Валерий Павлович дёрнул на себя дверцу в воротах и…
В первый момент он не понял, что происходит. Да и с похмелья…. с душой почти без грешной и чистой, омытой и проспиртованной, ещё витающей где-то в розовых облаках праздничного застолья, откуда вряд ли спрыгнешь в одночасье на грешную землю, и что-то враз уразумеешь…
Лишь только Валерий Павлович потянул на себя створку в воротах, как вдруг из гаража вылетает кукушка, да такая громадная, лохматая и рычащая… и впивается когтями ему в лицо.
Естественно, Валерий Павлович сразу не смог переключиться, перейти из расслабленного состояния в атакующее, и потому не мог достойно отреагировать на нападение. От неожиданности он даже оторопел, и этим беззастенчиво воспользовалось страшное чудовище. Оно било по лицу, драло его когтями, и страшно материлось.
Но этот же моцион подействовал на Шиволовского и отрезвляюще. Вначале он попытался было поймать разъярённую мадам Куку, объясниться с ней, но всякий раз отскакивал от неё, как ужаленный.
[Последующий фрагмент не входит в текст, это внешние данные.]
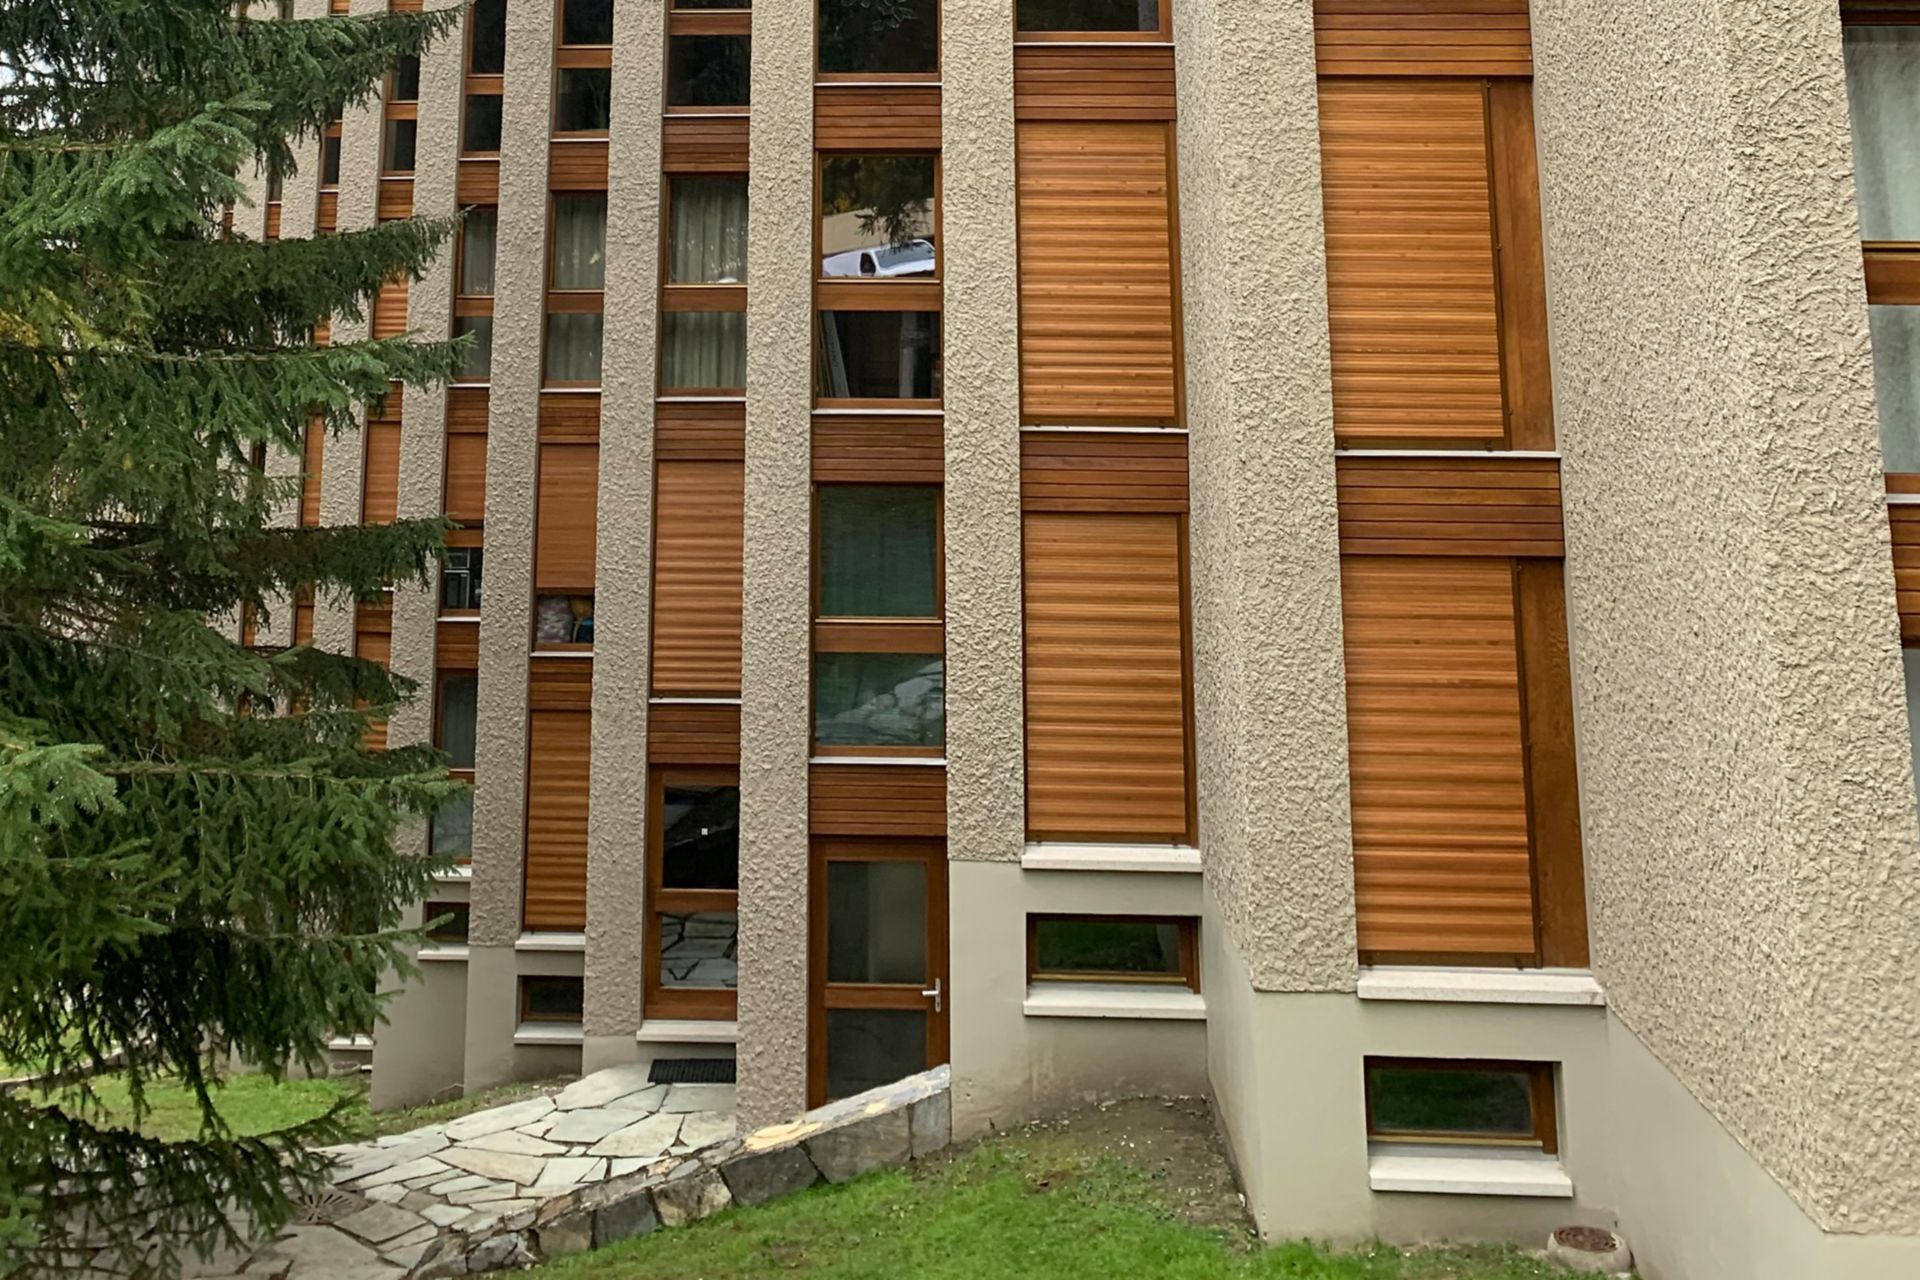 Beton- und Fassadenputzsanierung an mehrstöckigem Wohnhaus

Наконец, он вынужден был прижаться к воротам и принять круговую оборону, как боксёр на ринге. Но противник, видимо, насладившись поединком, и выплеснув всю свою энергию, накопившуюся за двое суток в узилище гаража, отстал от несчастного и бросился прочь.
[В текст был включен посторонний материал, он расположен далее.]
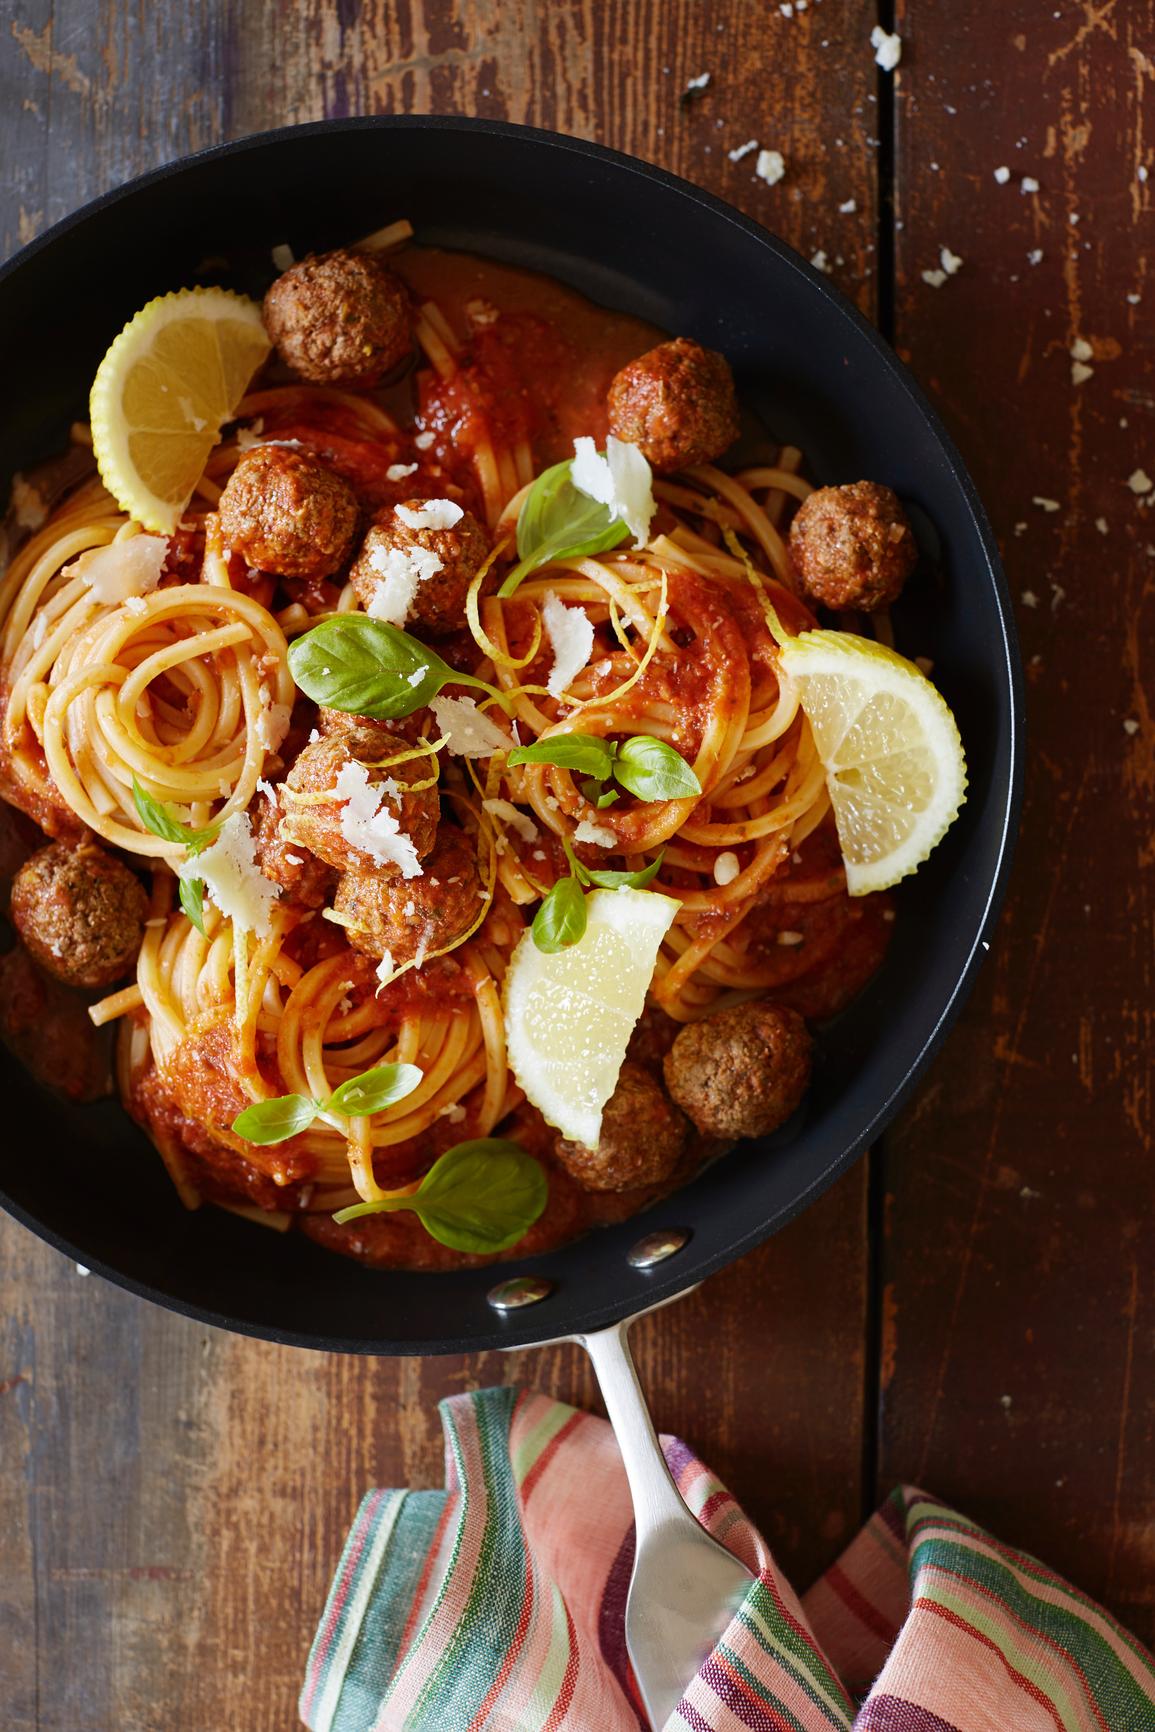 Italialainen ruoka – herkullisimmat reseptit | Meillä kotona

Как только наступила тишина, и в ней послышались удаляющиеся шаги, Валерий Павлович отнял руки от лица – увидел, как от гаража быстро удалялись "Монтана", перекатываясь по округлым полушариям.
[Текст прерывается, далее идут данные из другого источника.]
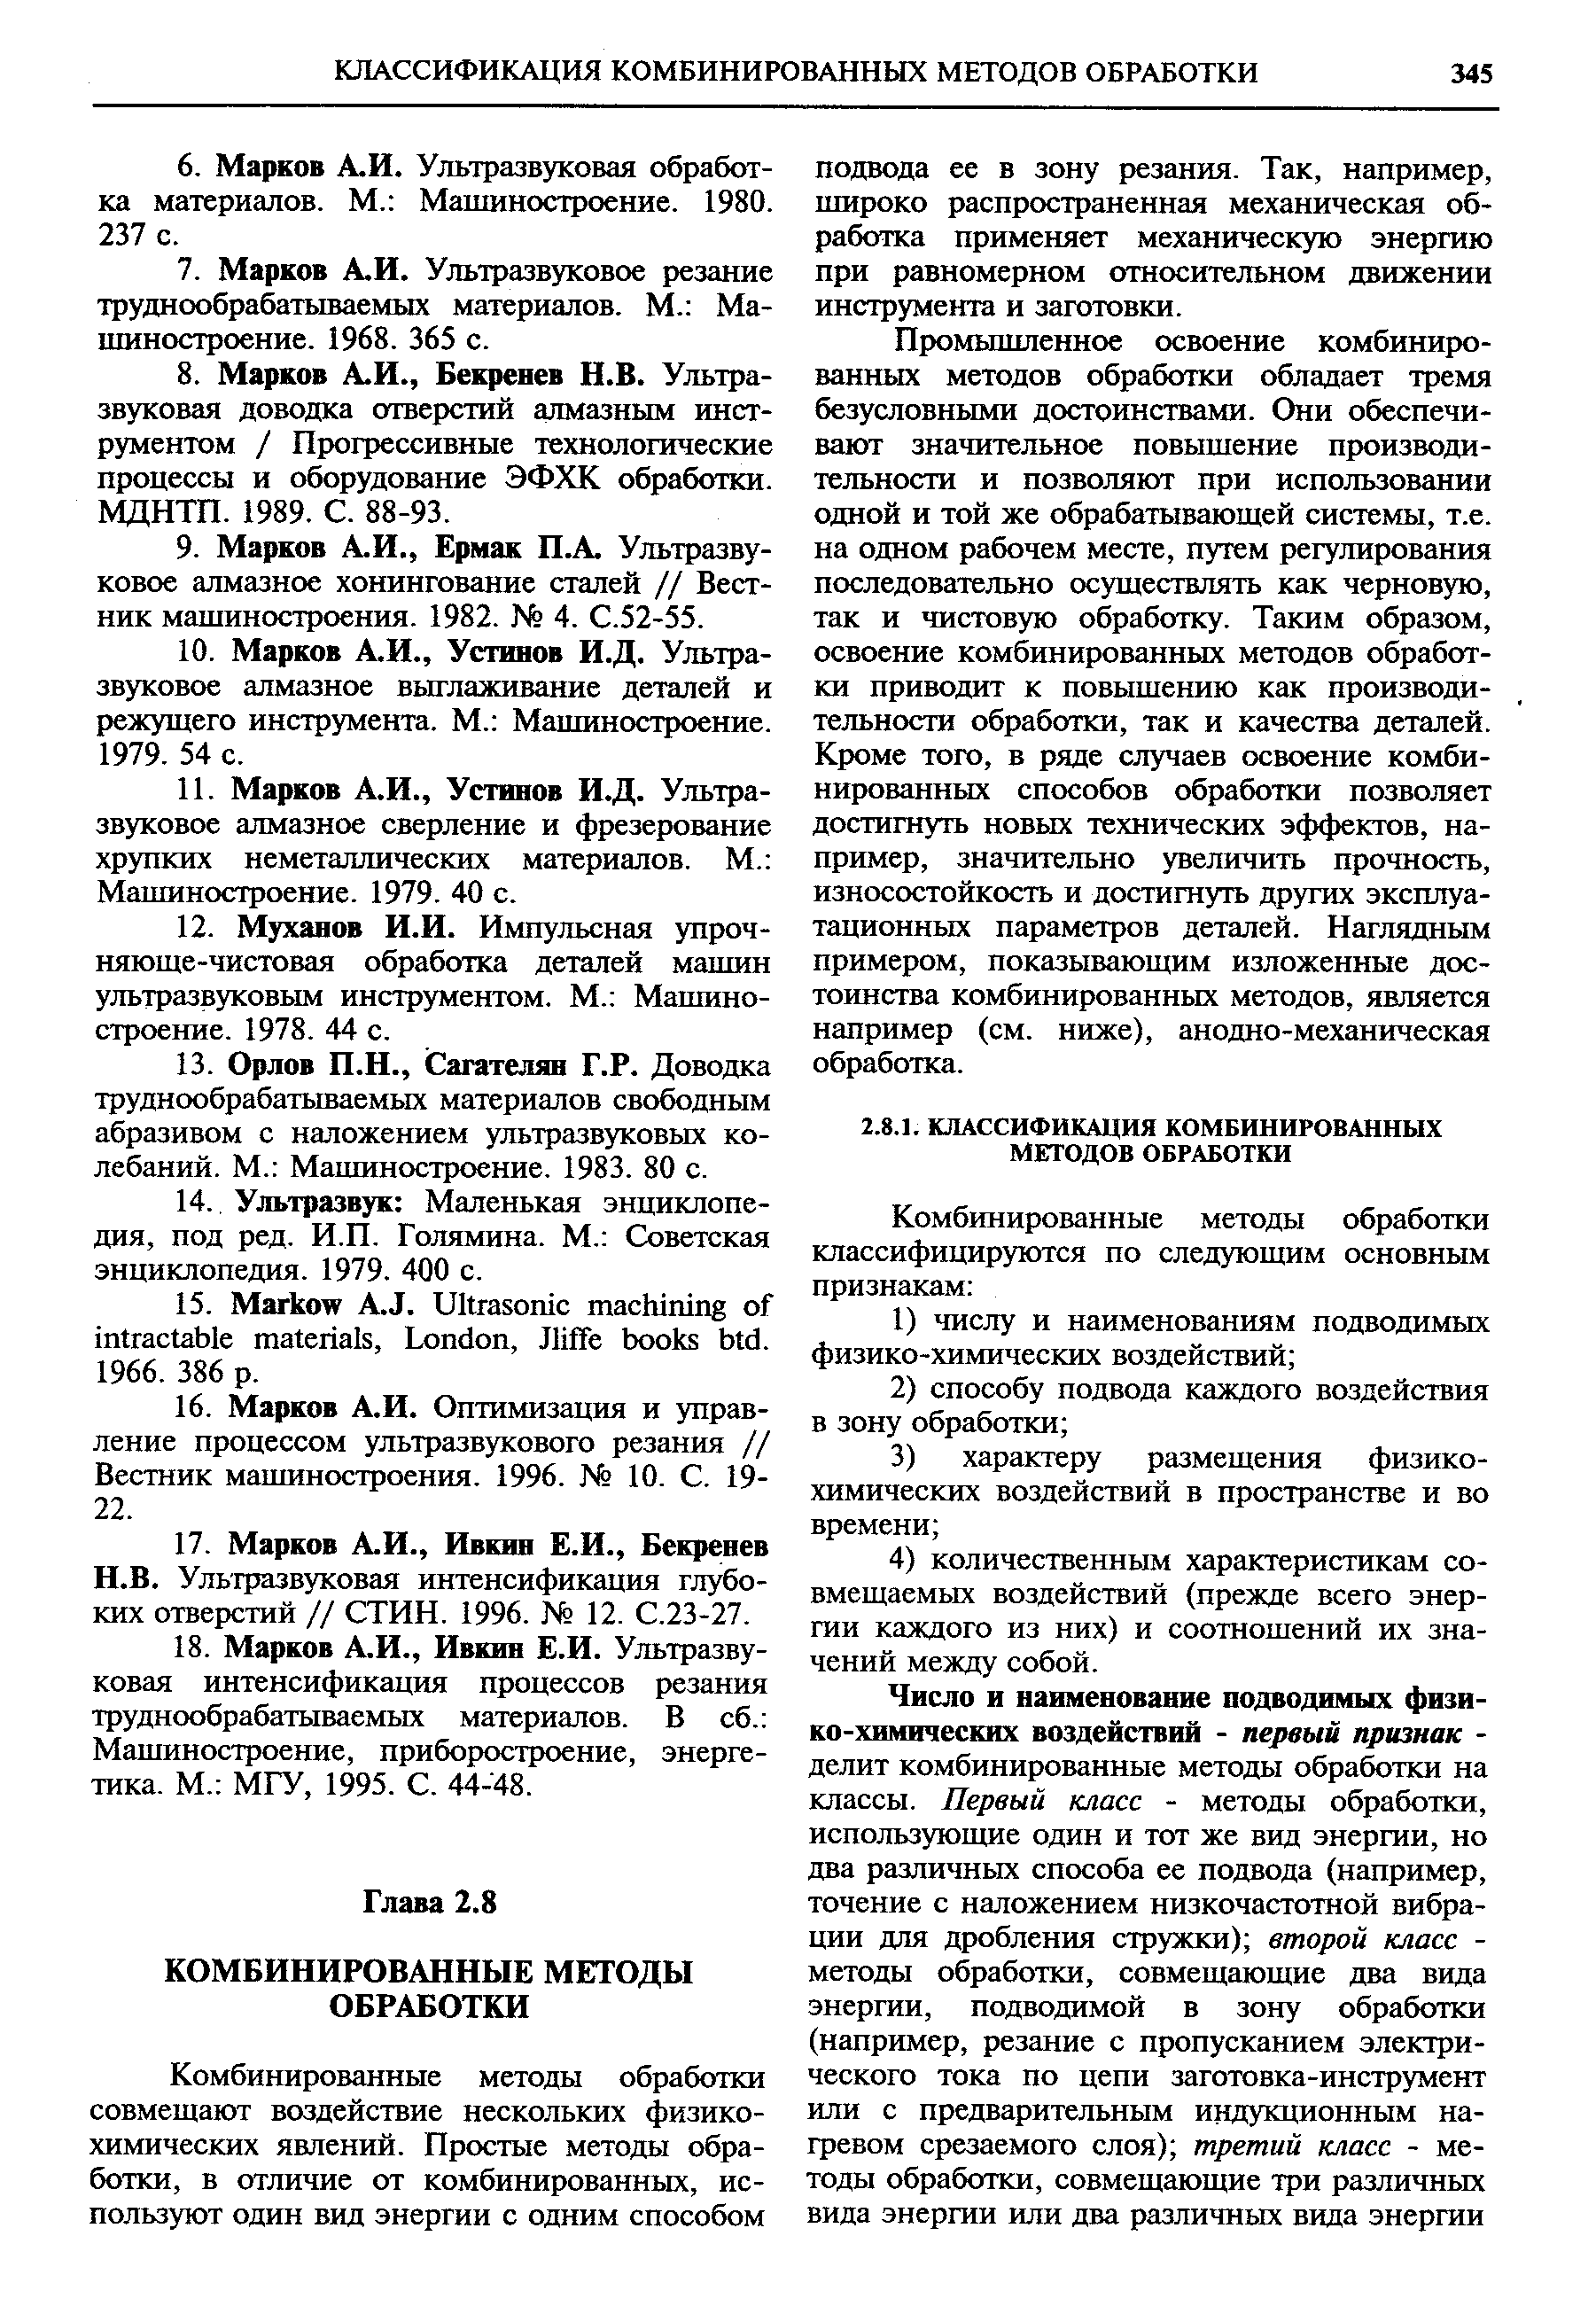 Ультразвуковая интенсификация глубоких отверстий // СТИН. 1996. 12. С.23-27.

С Валерия Павловича напряжение спало. Он почувствовал, что побит, но как будто жив.
Однако любые побои оставляют раны, если не в душе, то на теле. И не успело чувство достоинства разлиться по ожившему организму и сознанию, расправить грудь и гордые плечи, как к лицу Валерия Павловича прилила страшная боль. Словно со щёк и носа содрали кожу не на один, а на десяток ремней для талий нежных созданий. И Валерий Павлович взвыл:
– Ой-ей-ёй!!. – лицо загорело нестерпимым пламенем.
Шиволовский выдернул из кармана платок и приложил его к лицу. Материал тут же принял окраску флага, под которым в пору было выступать в защиту прав потребителя.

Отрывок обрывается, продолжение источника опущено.